The surfaces of the disk and the head after 20,000 times of CSS were visually observed and observed with a microscope. In the systems using the materials of Examples 1 and 2, the head and the disk sliding contact surface were not damaged. As a comparative example, the same shape of ALTIC (alumina, TiC composite ceramics) was similarly tested.
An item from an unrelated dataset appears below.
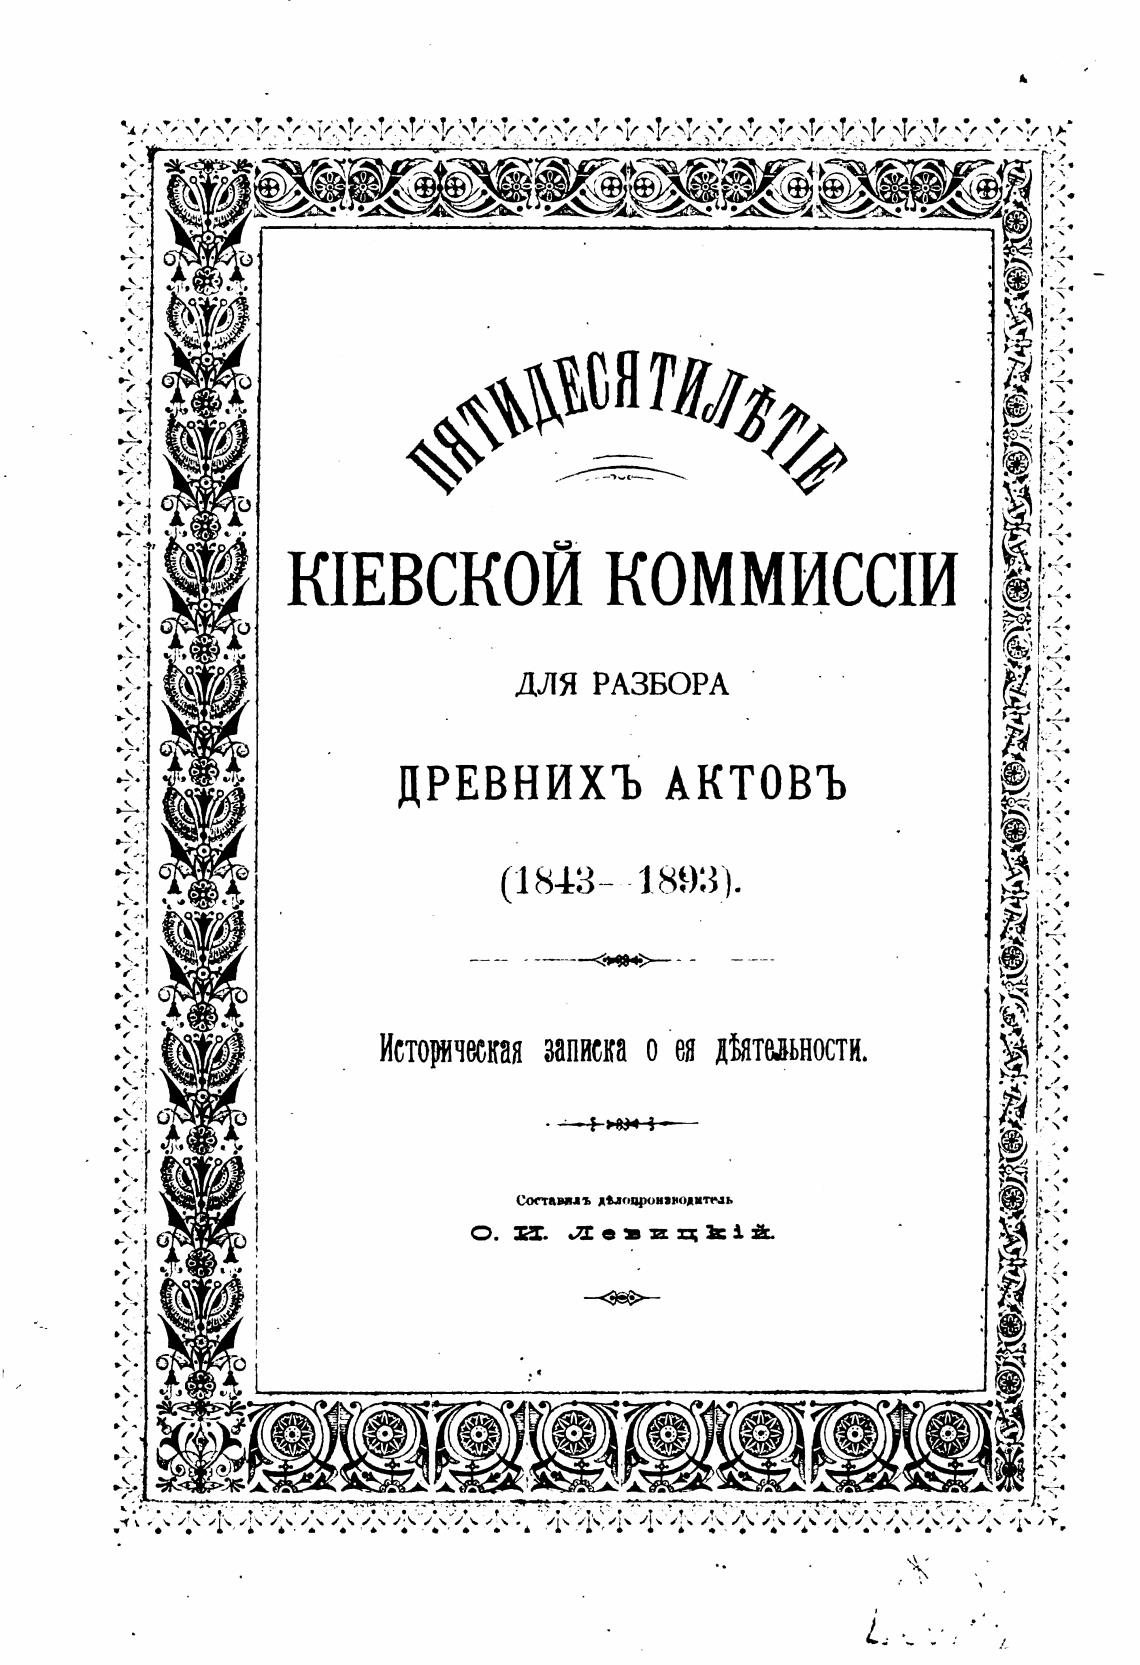 Древности разбор 2. Книга пятидесятилетие Киевской комиссии для разбора древних актов 1893.
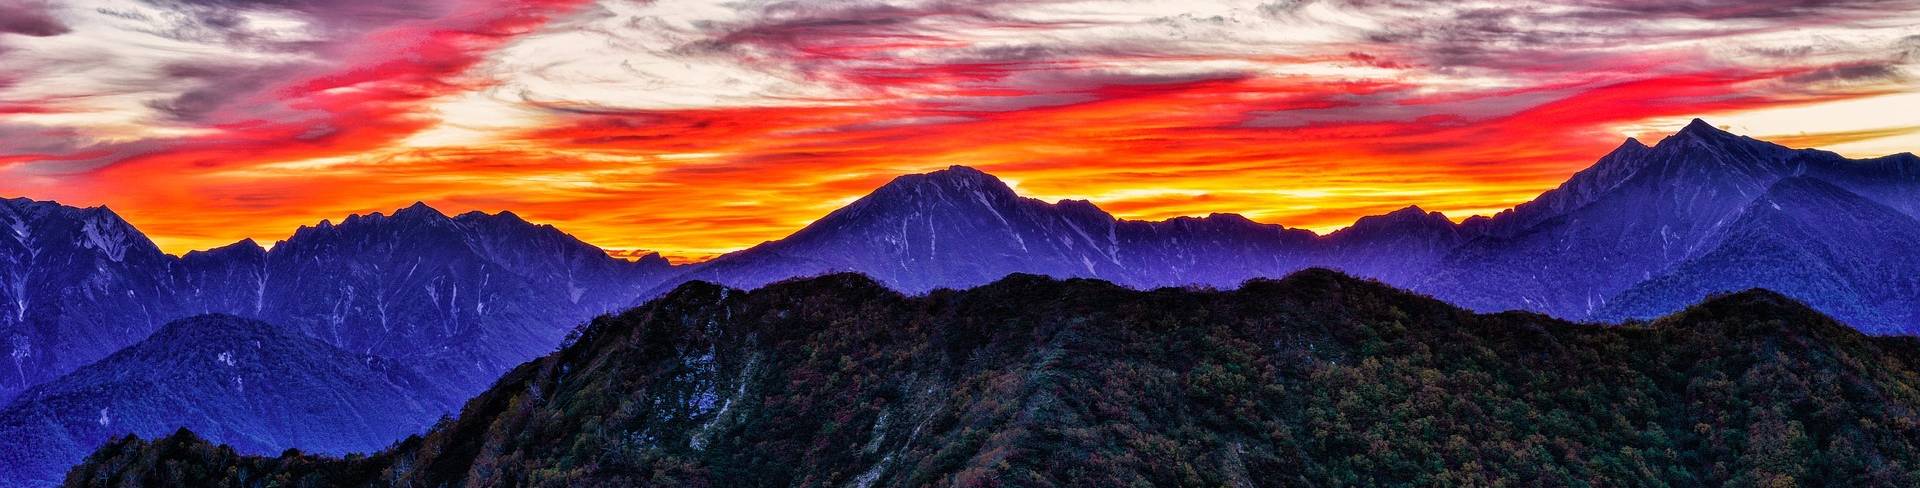 Неповторимый закат в горах Японии

Example 3 0.2 parts by weight of polyvinyl alcohol was added to 100 parts by weight of yttria partially stabilized zirconia powder having an average particle size of 0.1 μm,
0.1 parts by weight of stearic acid and 100 parts by weight of water were added and mixed to obtain a spray-dried powder. 1000 kg of this powder
It was molded into a 30 × 60 × 7 mm flat plate at a pressure of / cm ² . This compact was pre-fired in air at 1100 ° C. for 1 hour. The obtained prefired body had a shrinkage of 2.1% and a porosity of 56%.

The prefired body was impregnated with a furan resin having a residual carbon ratio of 30% and an ash content of 0.02% at room temperature under vacuum, subjected to a hardening treatment at 80 ° C, and then fired at 1400 ° C in vacuum for 4 hours.

The bulk density of the obtained sintered body is 4.5 g / cc, and carbon is 11.2%.
Had been compounded.

(Test Example 2) The materials of Examples 2 and 3 were processed into the appearance of a commercially available 3.5 ″ floppy disk head. The dummy head was mounted on a gimbal spring, and then mounted on a 3.5 ″ drive.

Each was rotated and slid 5 million times at 300 rpm on the same track. The floppy disk used was a Co-γFe ₂ O ₃ coated disk, but none of the materials of Examples 2 and 3 was damaged.

As a comparative example, a similar test was performed on calcium titanate processed into the same shape, and a slight running trace was visually confirmed.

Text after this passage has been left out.